A formula for their covariance is

$$\operatorname{Cov}(X_1,X_2) = E[X_1X_2] - E[X_1]E[X_2] = \left(\frac{1}{2}+a\right) - \left(\frac{3}{4}\right)^2\tag{*}$$

because the only contribution to $E[X_1X_2]$ comes from the case $X_1X_2=1.$

Finally,

$$\eqalign{ \operatorname{Var}(X) &= \operatorname{Var}(X_1+X_2) \\ &= \operatorname{Var}(X_1) + \operatorname{Var}(X_2) + 2\operatorname{Cov}(X_1,X_2) \\ &= \frac{3}{16} + \frac{3}{16} + 2\left(\frac{1}{2}+a - \left(\frac{3}{4}\right)^2\right) \\ &= \frac{1}{4}+2a.}$$

This linear function of $a$ obviously is optimized at the extreme possible values of $a,$ equal to $1/4$ when $a=0$ and $3/4$ when $a=1/4.$


With multiple envelopes there are corresponding variables $X_1, X_2, \ldots, X_n$ and $n(n-1)/2$ possibly different covariances among them. Their covariance matrix $\operatorname{Cov}(X_i,X_j)=(\sigma_{ij})=\Sigma$ will have values of $3/16$ on the diagonal and, off the diagonal, symmetrical entries between $-1/16$ and $3/16$ according to $(*),$ subject to being positive semidefinite. Let's duck that issue for the moment and just compute the variance of the sum $S_n=X_1+X_2+\cdots+X_n.$ That is

$$\operatorname{Var}(S_n) = \frac{3n}{16} + \sum_{1\le i \lt j \le n} 2\sigma_{ij}.$$

Looking at the extreme possible values of the $\sigma_{ij},$ we see the variance cannot possibly be any smaller than $3n/16 - n(n-1)/16$ nor greater than $3n/16 + 3n(n-1)/16.$ In both cases it's straightforward to check that $\Sigma$ is positive semidefinite, because in each case it is a multiple of the positive semidefinite matrix $1_n^\prime 1_n$ (the $n\times n$ matrix of ones) plus a positive diagonal matrix.

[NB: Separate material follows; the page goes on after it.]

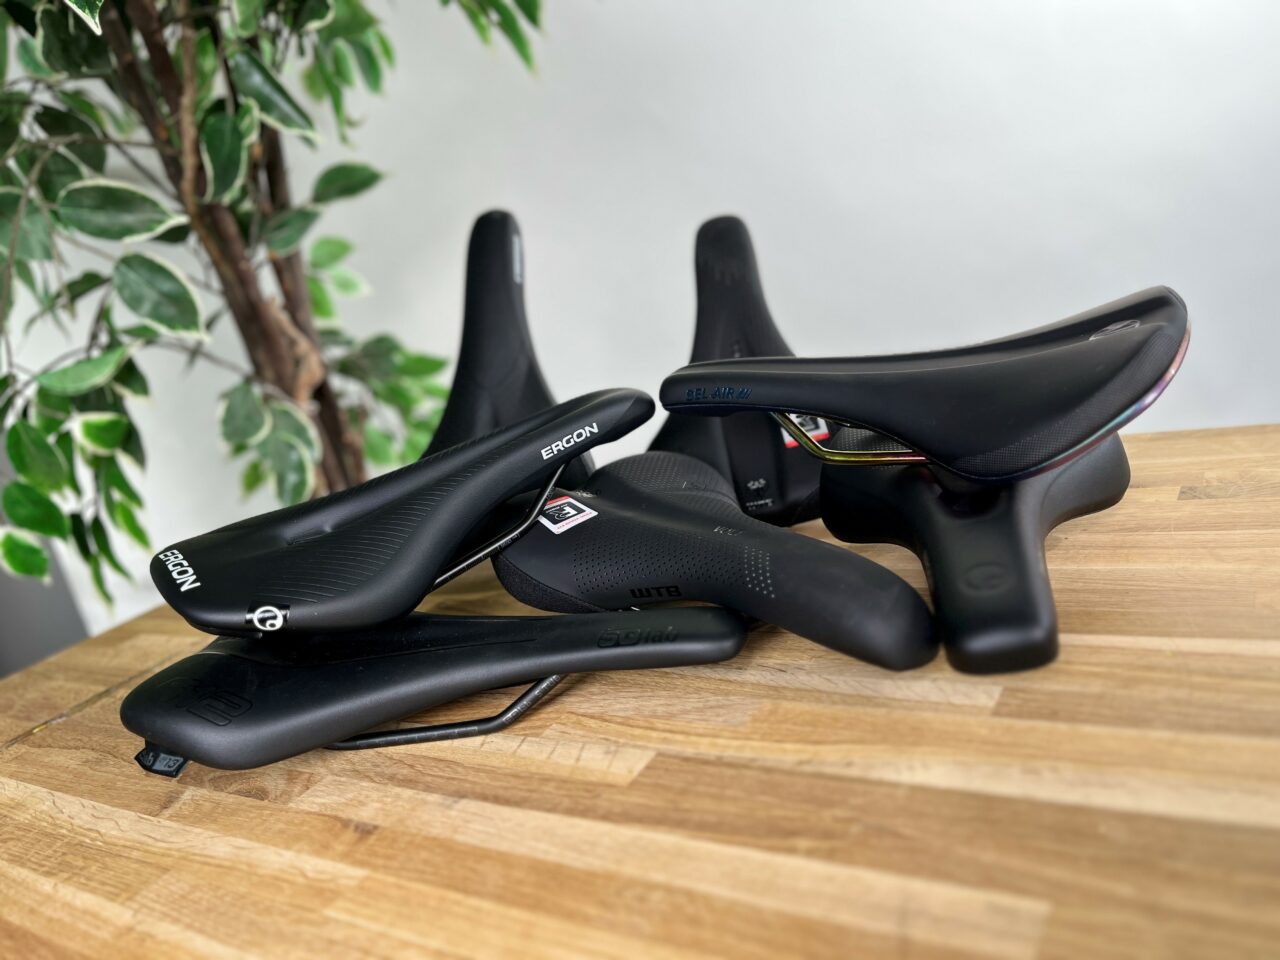 The best bicycle saddle YOU can buy!

When $n=4$ this gives extreme values of $12/16 - 12/16 = 0$ and $12/16 + 36/16=3.$

These variances can arise in the following ways. In the first case (zero variance), write the vectors $(1,0,0,0),$ $(0,1,0,0),$ $(0,0,1,0),$ and $(0,0,0,1)$ on four slips of paper and put them into a hat. Mix them and draw one out randomly. Let $(X_1,\ldots,X_4)$ be the values you see on that slip. Obviously $\Pr(X_i=1)=3/4$, but since the sum of the $X_i$ on each slip is always $1,$ the variance of the sum is zero.

In the second case, let the four tickets bear the values $(0,0,0,0),$ $(1,1,1,1),$ $(1,1,1,1),$ and $(1,1,1,1).$ Again $\Pr(X_i=1)=3/4$ but now the sum is four times any one of the $X_i,$ whence its variance is 16 times the common variance of the $X_i.$


For those who might think this is all trivial, note that some of the matrices $\Sigma$ just described are not positive semidefinite and therefore cannot occur as covariance matrices of the $X_i.$ For instance, let $\sigma_{ij}=0$ for $ij\in \{14,34,43,41\}$ and otherwise let $\sigma_{ij}=3/16.$ You may compute that for $y=(3,-7,3,5),$ $y\Sigma y^\prime$ is negative.